Task prompt – Images excepted, the data below must be repeated exactly.

Data block –

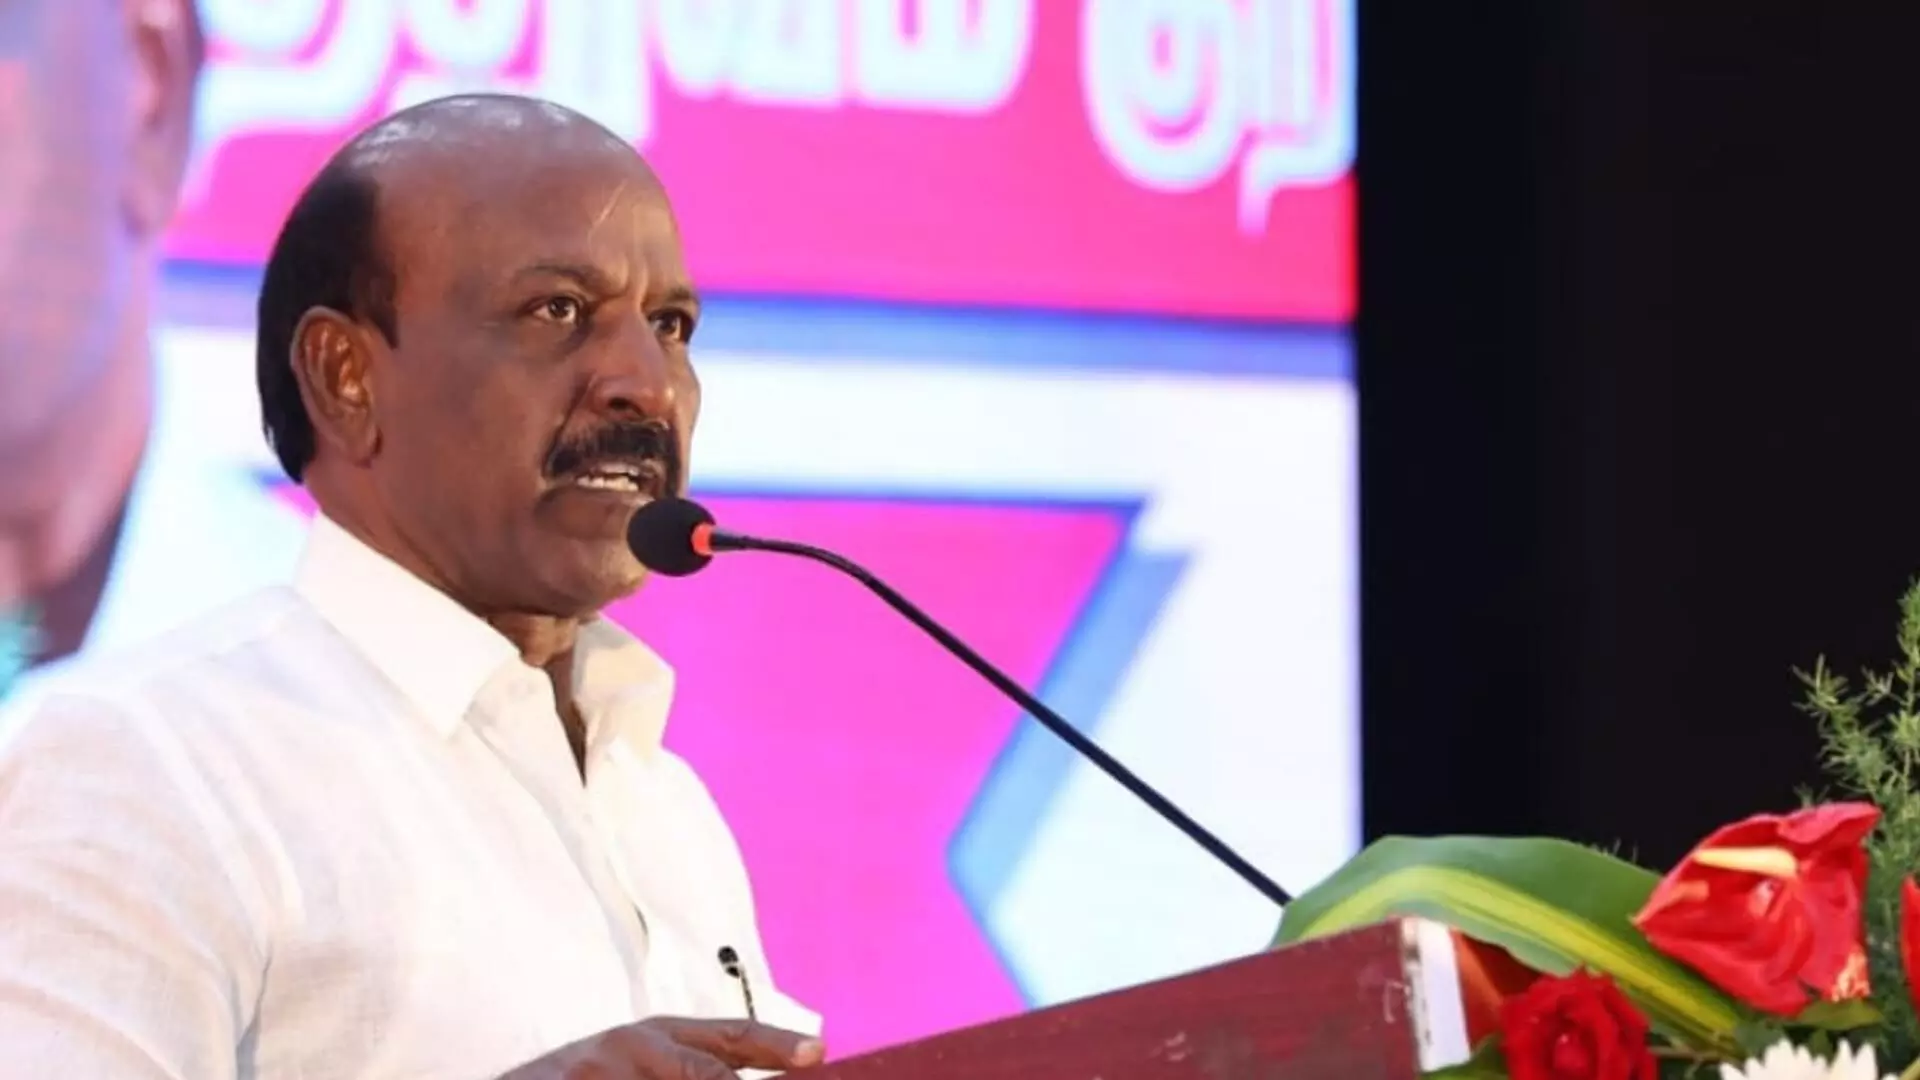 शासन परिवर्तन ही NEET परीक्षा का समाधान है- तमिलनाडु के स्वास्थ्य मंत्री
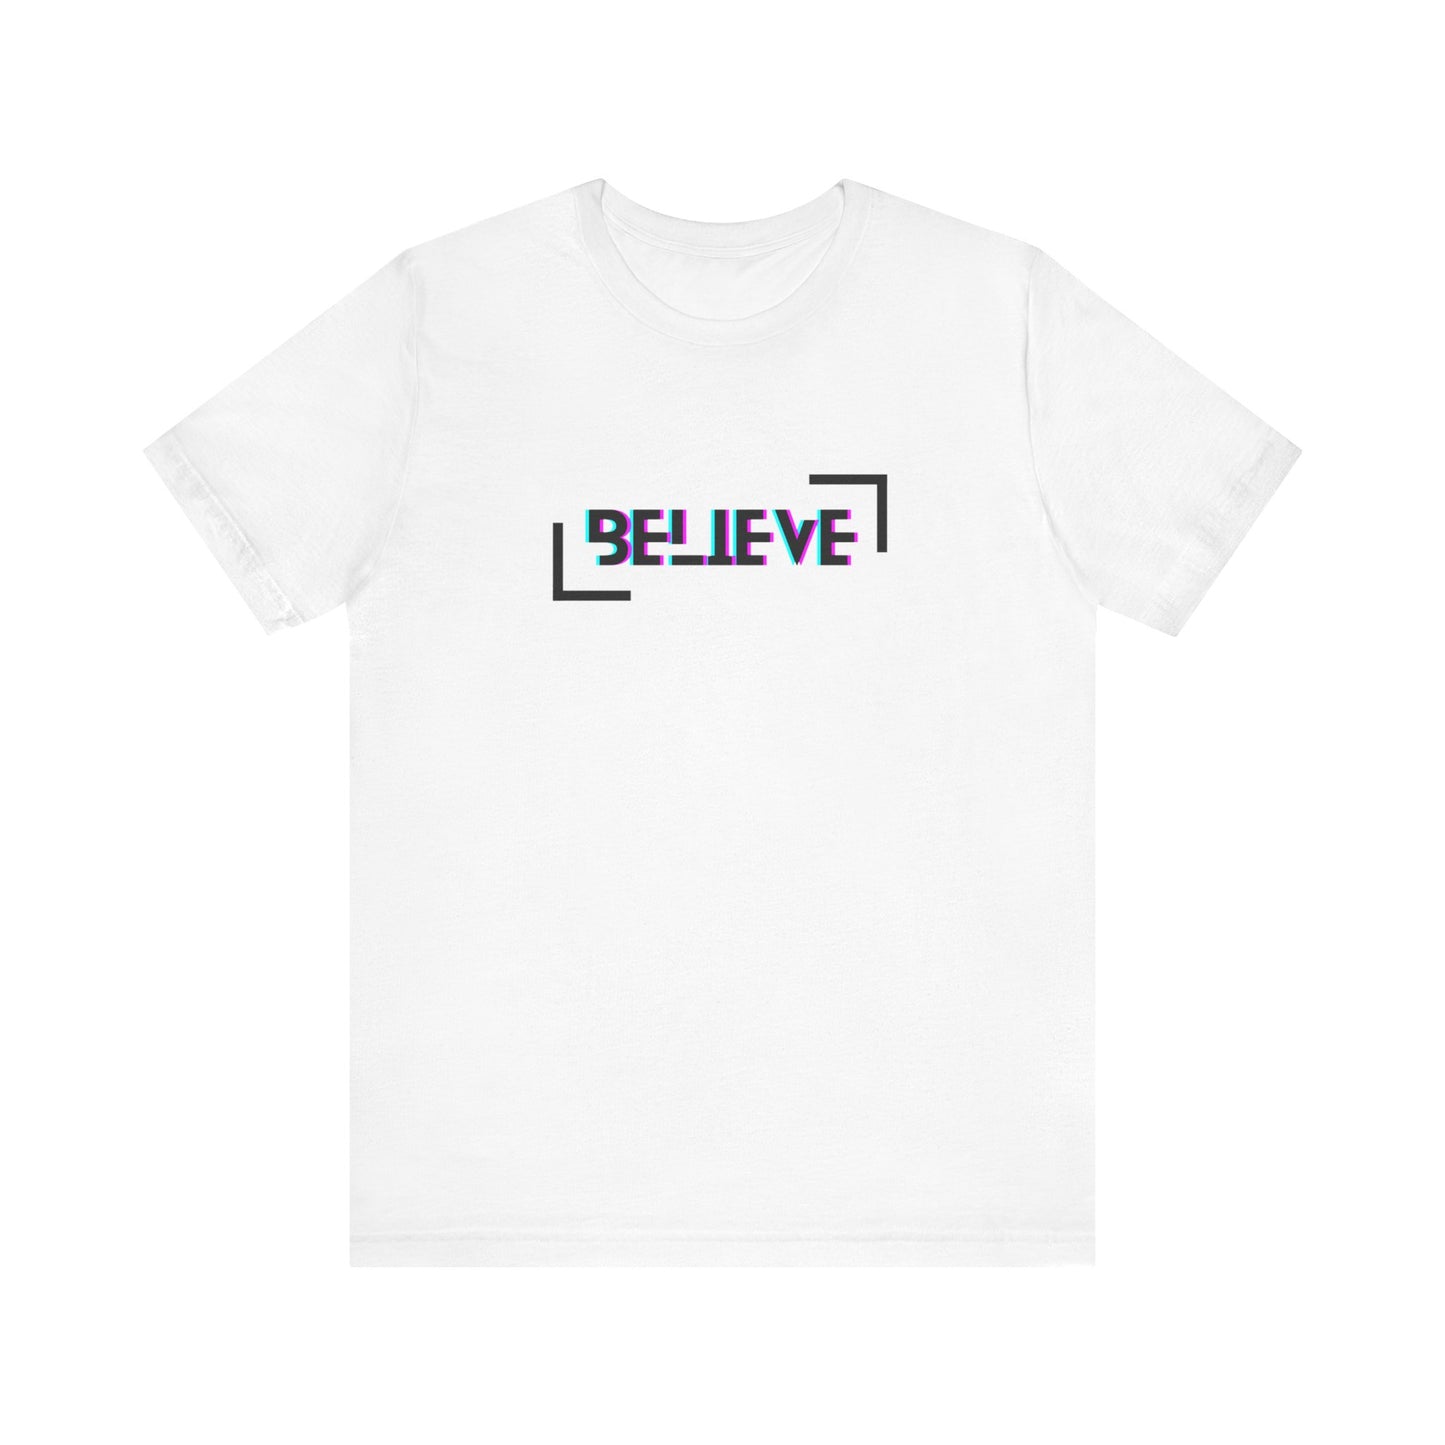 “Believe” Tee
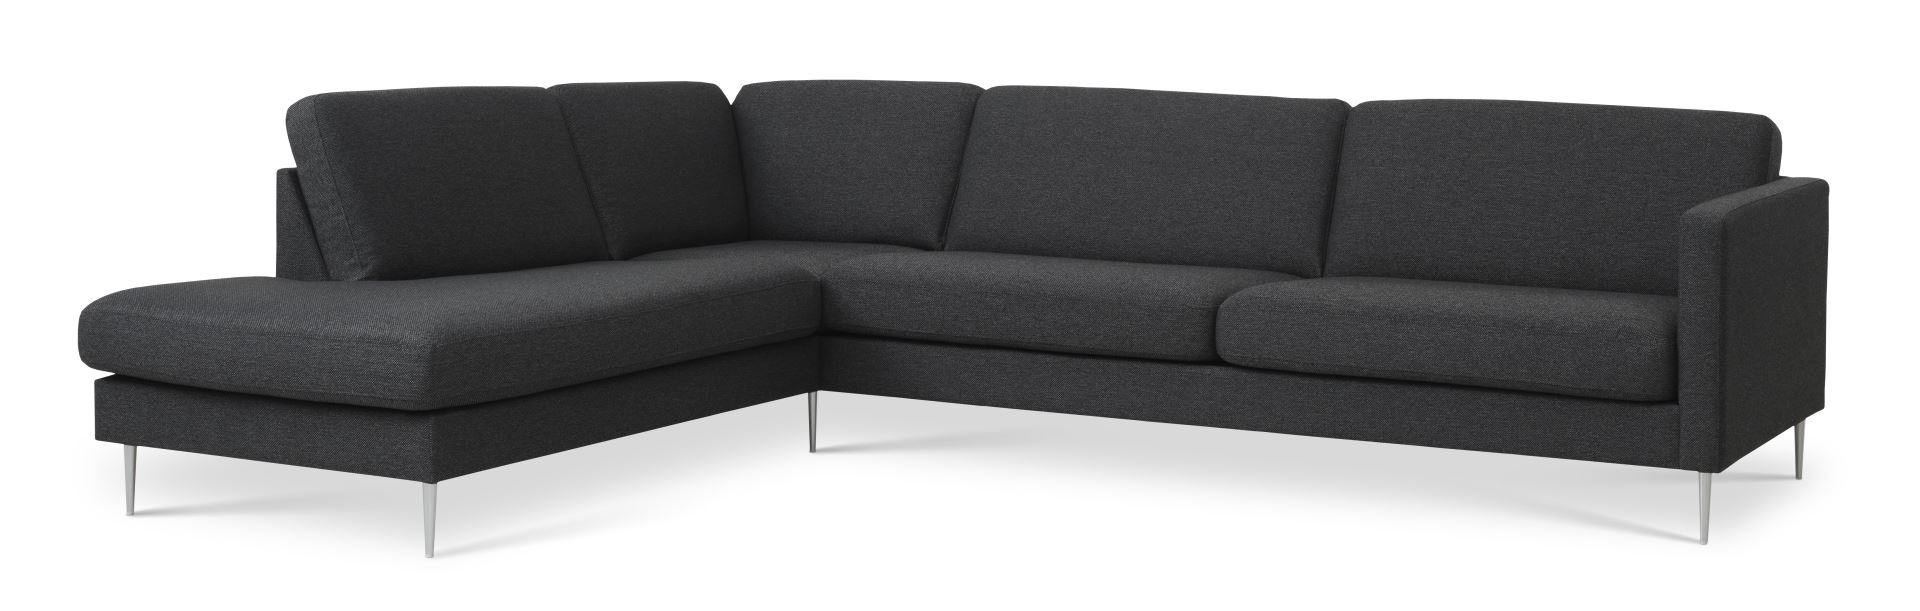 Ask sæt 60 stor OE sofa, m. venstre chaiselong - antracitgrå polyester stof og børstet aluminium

Task solution –
 शासन परिवर्तन ही NEET परीक्षा का समाधान है- तमिलनाडु के स्वास्थ्य मंत्री
 “Believe” Tee
 Ask sæt 60 stor OE sofa, m. venstre chaiselong - antracitgrå polyester stof og børstet aluminium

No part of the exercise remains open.